Effectual Fervent Prayer and the Holy Spirit
Sunday morning I preached from Luke 1:39-45, where Elizabeth, six months into her pregnancy with John the Baptist, meets Mary. One of the most remarkable things about this passage (which I didn't have time to mention in the sermon), probably the thing that causes those of us to read it as often as we do, is not so much what happens to Elizabeth in this passage but what happens to the baby she's carrying. In verse 41, we read that this child – three months yet to be born – leaps for joy inside the womb when Elizabeth hears the voice of Mary.
Even before he is born, John the Baptist is filled with the Holy Spirit himself (clearly stated in Luke 1:15) and given the unusual task of being a prophet in utereo. John the Baptist, by leaping in Elizabeth's womb at the sound of Mary's voice, was bearing prophetic testimony regarding the identity of the Christ.

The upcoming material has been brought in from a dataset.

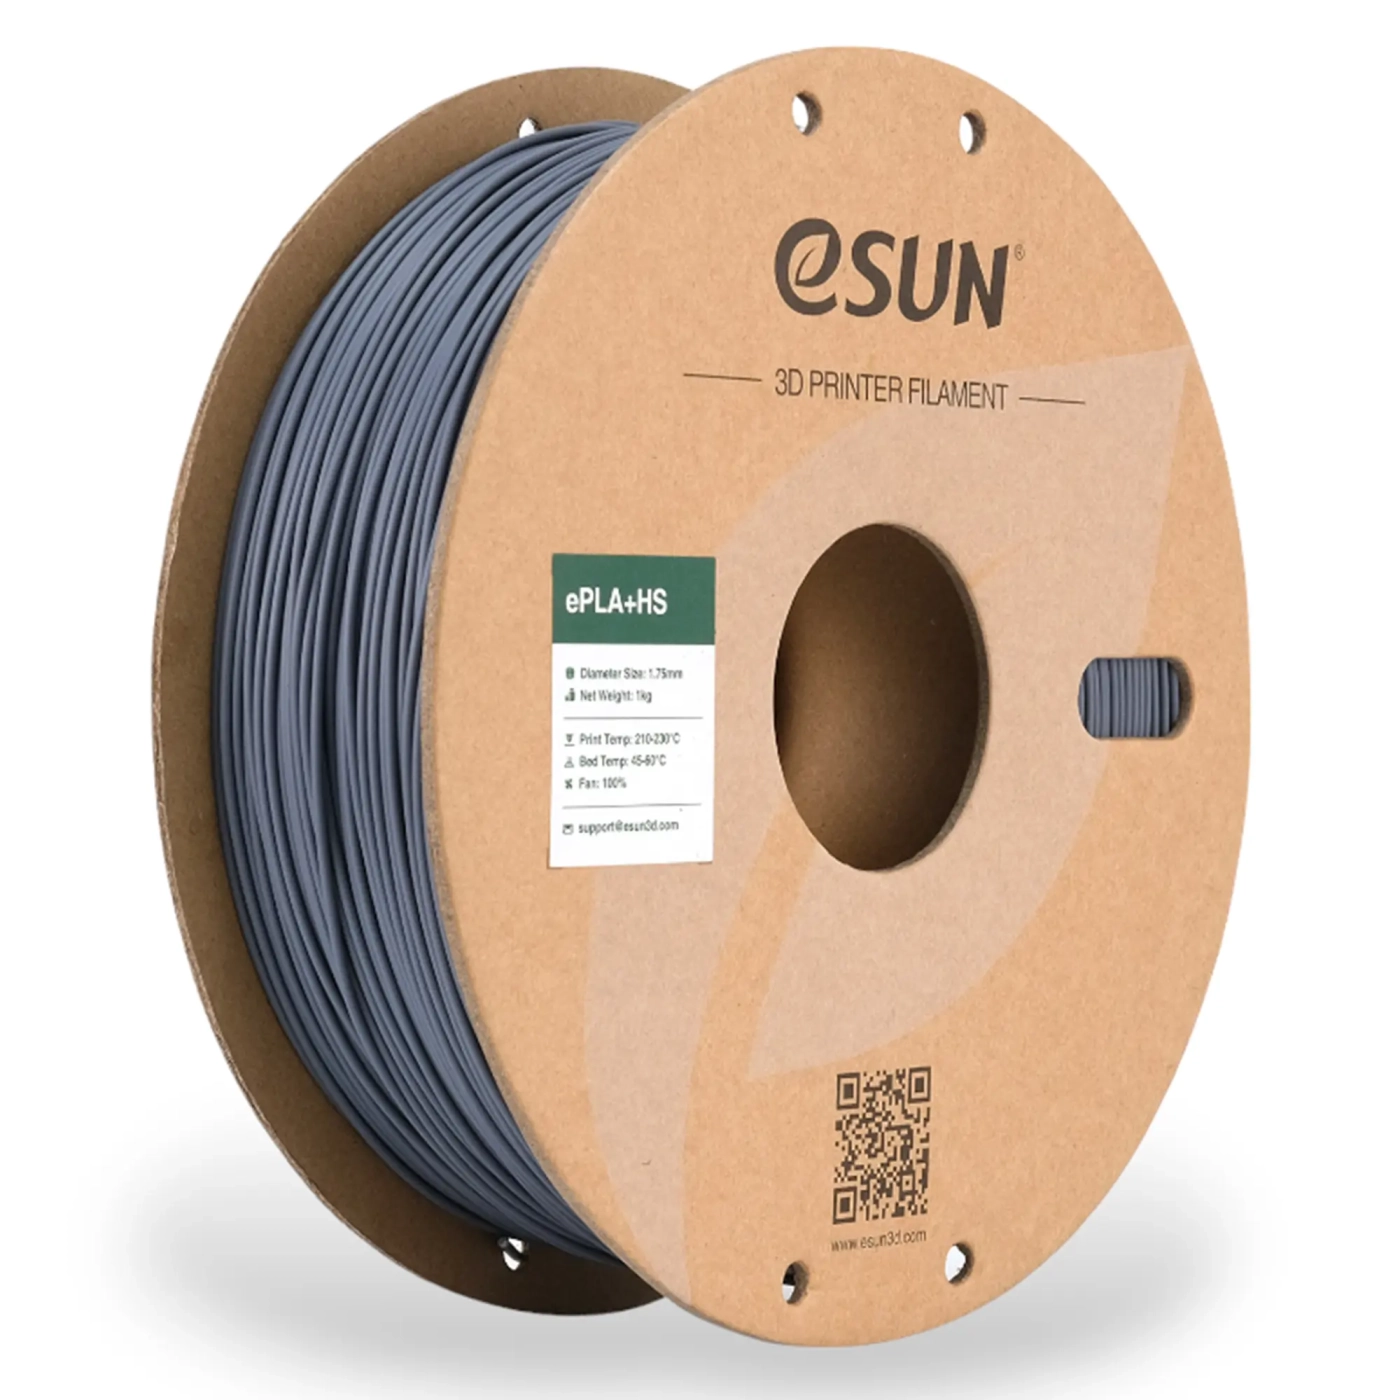 Купить ePLA-HS Filament (пластик) для 3D принтера eSUN 1кг, 1.75мм, серый (EPLA-HS-P175H1) - фото 1
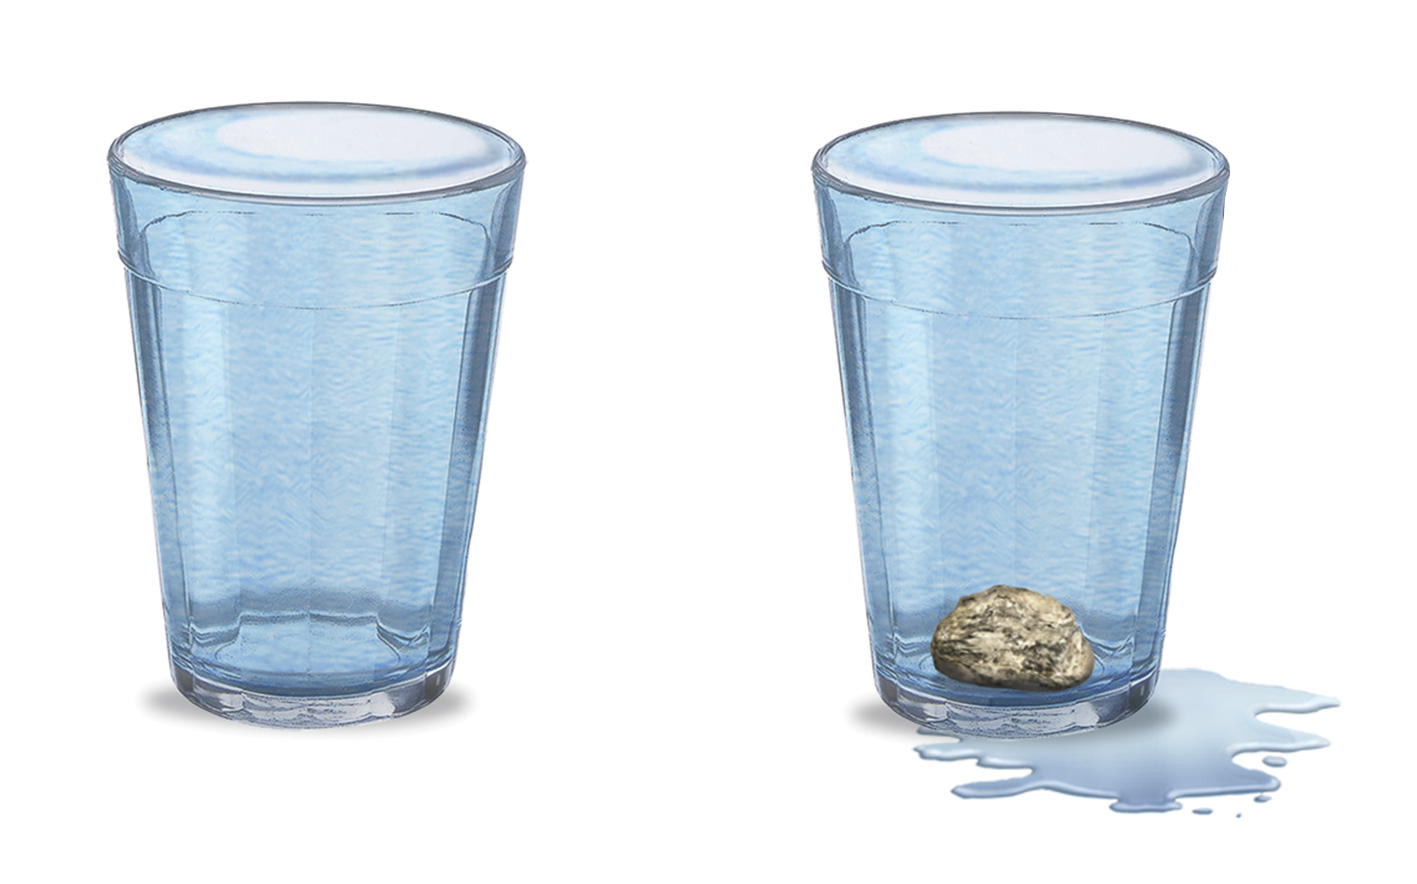 Ilustração. À esquerda, um copo de vidro com água até a boca, quase transbordando. À direita, um copo de vidro cheio de água e com uma pedra no fundo; ao redor do copo, água derramada.

What can we learn from this? Not that this is a common way that God brings people to himself, through filling them with the Spirit before birth. Rather, simply that God can if he chooses, in his own time and way, fill people with his Spirit.

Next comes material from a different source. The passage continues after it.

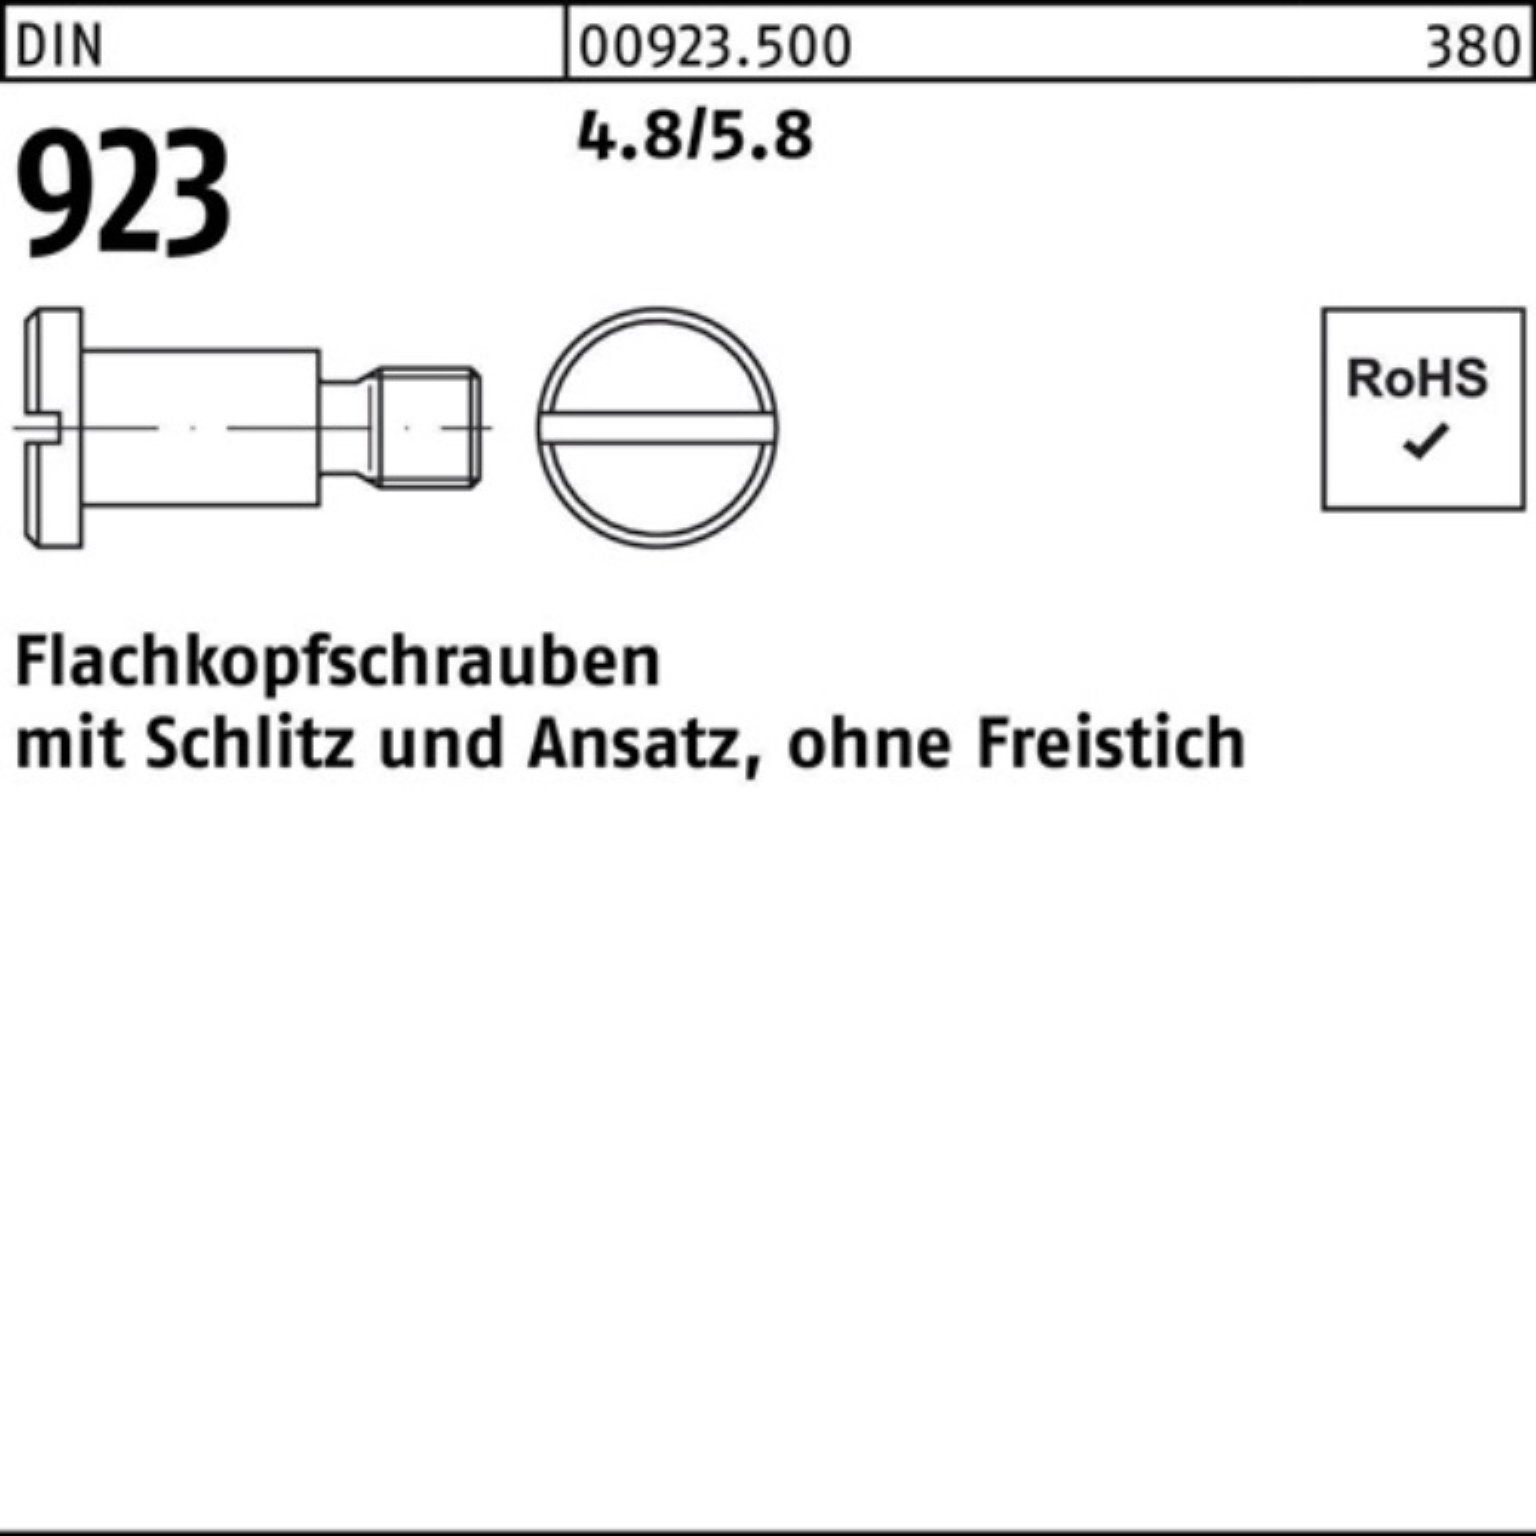 Pack Reyher M8x10x11,0 Flachkopfschraube DIN Schraube 4.8/5.8 Schlitz/Ansatz 100er 923

We all have someone – a child, a husband, a parent – that we desperately wish would turn from their sins and trust Christ. And we don't see how it can happen. But if God can fill an unborn child with his Spirit so that he prophesies from the womb, how much more can God fill with heart of someone we know?

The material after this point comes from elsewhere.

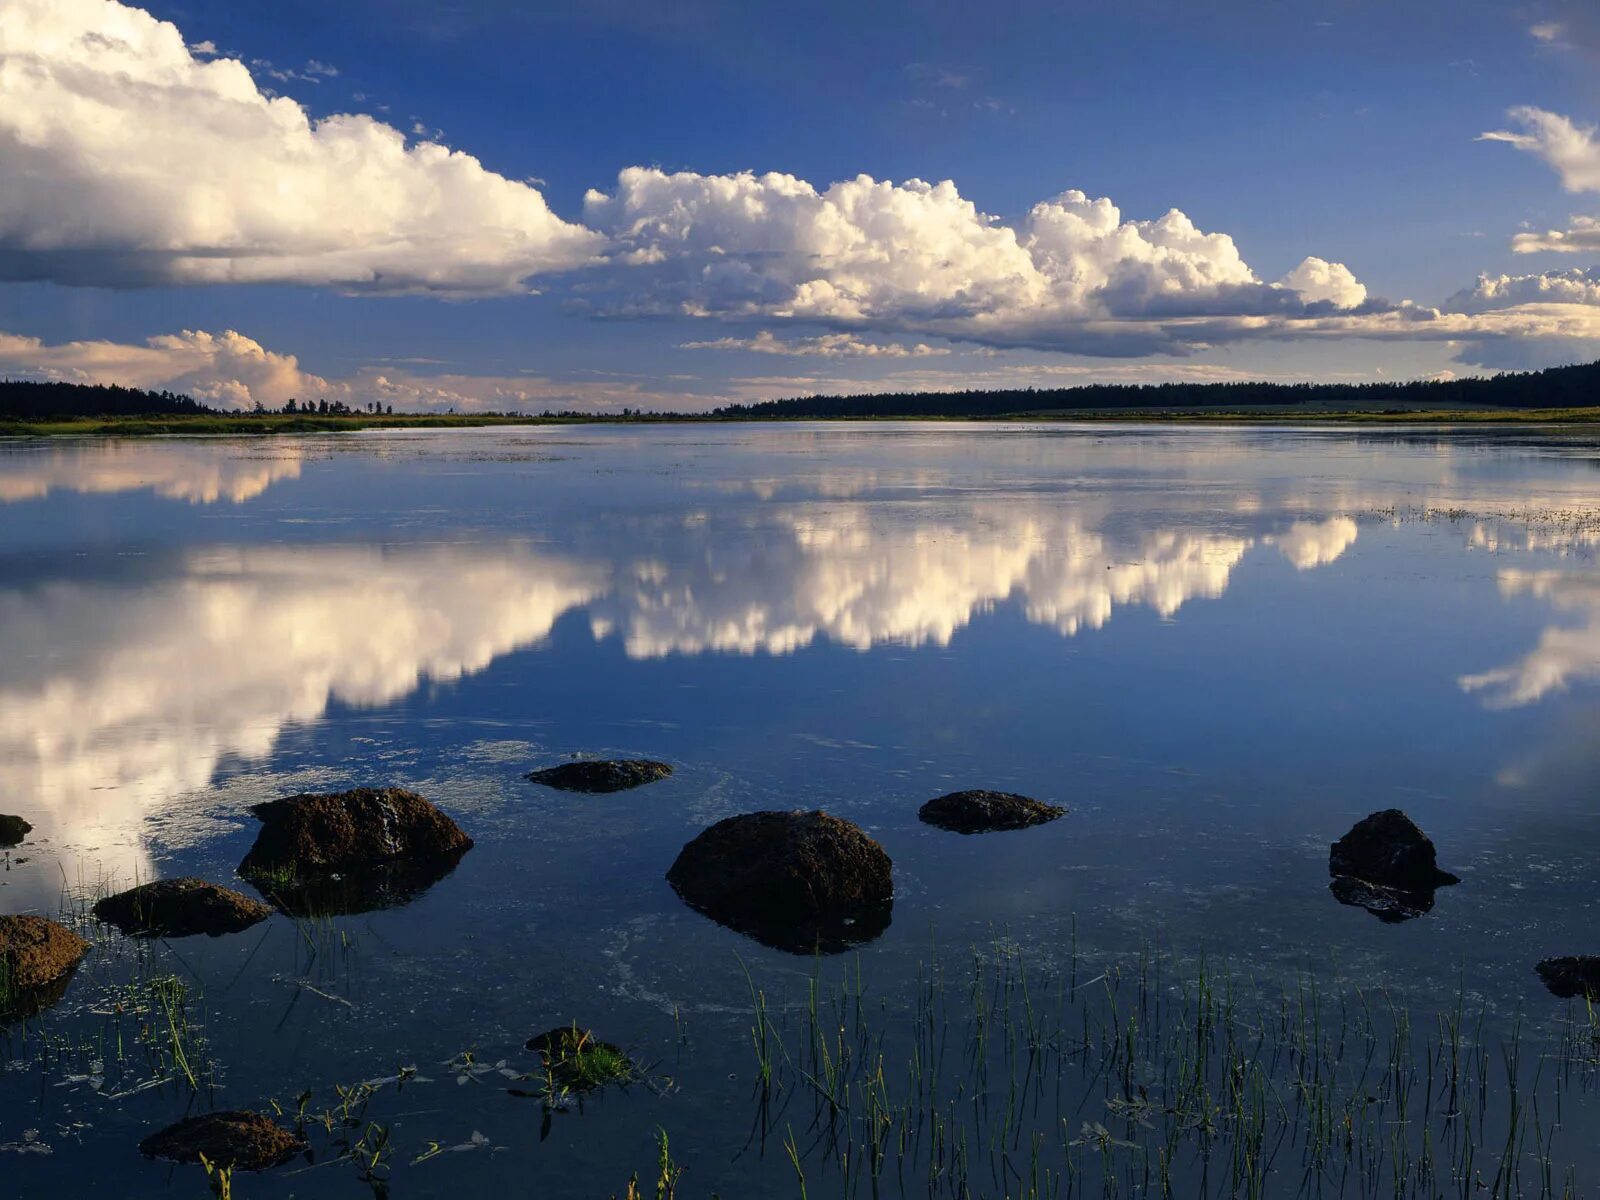 В течени реки спокойном величавом отражалось небо. Озеро Убинское. Озеро Убинское Новосибирская область. Озеро Малое Убинское. Озеро Сюрзи Архангельская область.

We can take from this text that we must pray for them, because no one is beyond the power of the Holy Spirit. If God chooses to fill someone with his Spirit, it will happen.
James 5:16 (KJV): "The effectual fervent prayer of a righteous man availeth much." I love that verse and the stories of one man who exemplified effectual fervent prayer - George Mueller. He wrote, "In November, 1844, I began to pray for the conversion of five individuals. I prayed every day without a single intermission, whether sick or in health, on land or at sea, and whatever the pressure of my engagements might be. Eighteen months elapsed before the first of the five was converted. I thanked God and prayed on for the others. Five years elapsed, and then the second was converted. I thanked God for the second, and prayed on for other three. Day by day I continued to pray for them, and six years passed before the third was converted. I thanked God for the three, and went on praying for the other two. These two remained unconverted . . . . The man (Mueller referring to himself) to whom God in the riches of his grace has given tens of thousands of answers to prayer in the self-same hour or day in which they were offered has been praying day by day for nearly thirty-six years for the conversion of these individuals, and yet they remain unconverted. But I hope in God, I pray on, and look yet for the answer. They are not converted yet, but they will be."
It was not until after Mueller's death that the last man accepted Christ as his Savior, but each one did. Such was Mueller's trust in God and tenacity in prayer.
God is sovereign in salvation, and he delights in answering the prayers of his people. Prevail upon God for those you know who are lost, and expectantly wait for him to work in their lives.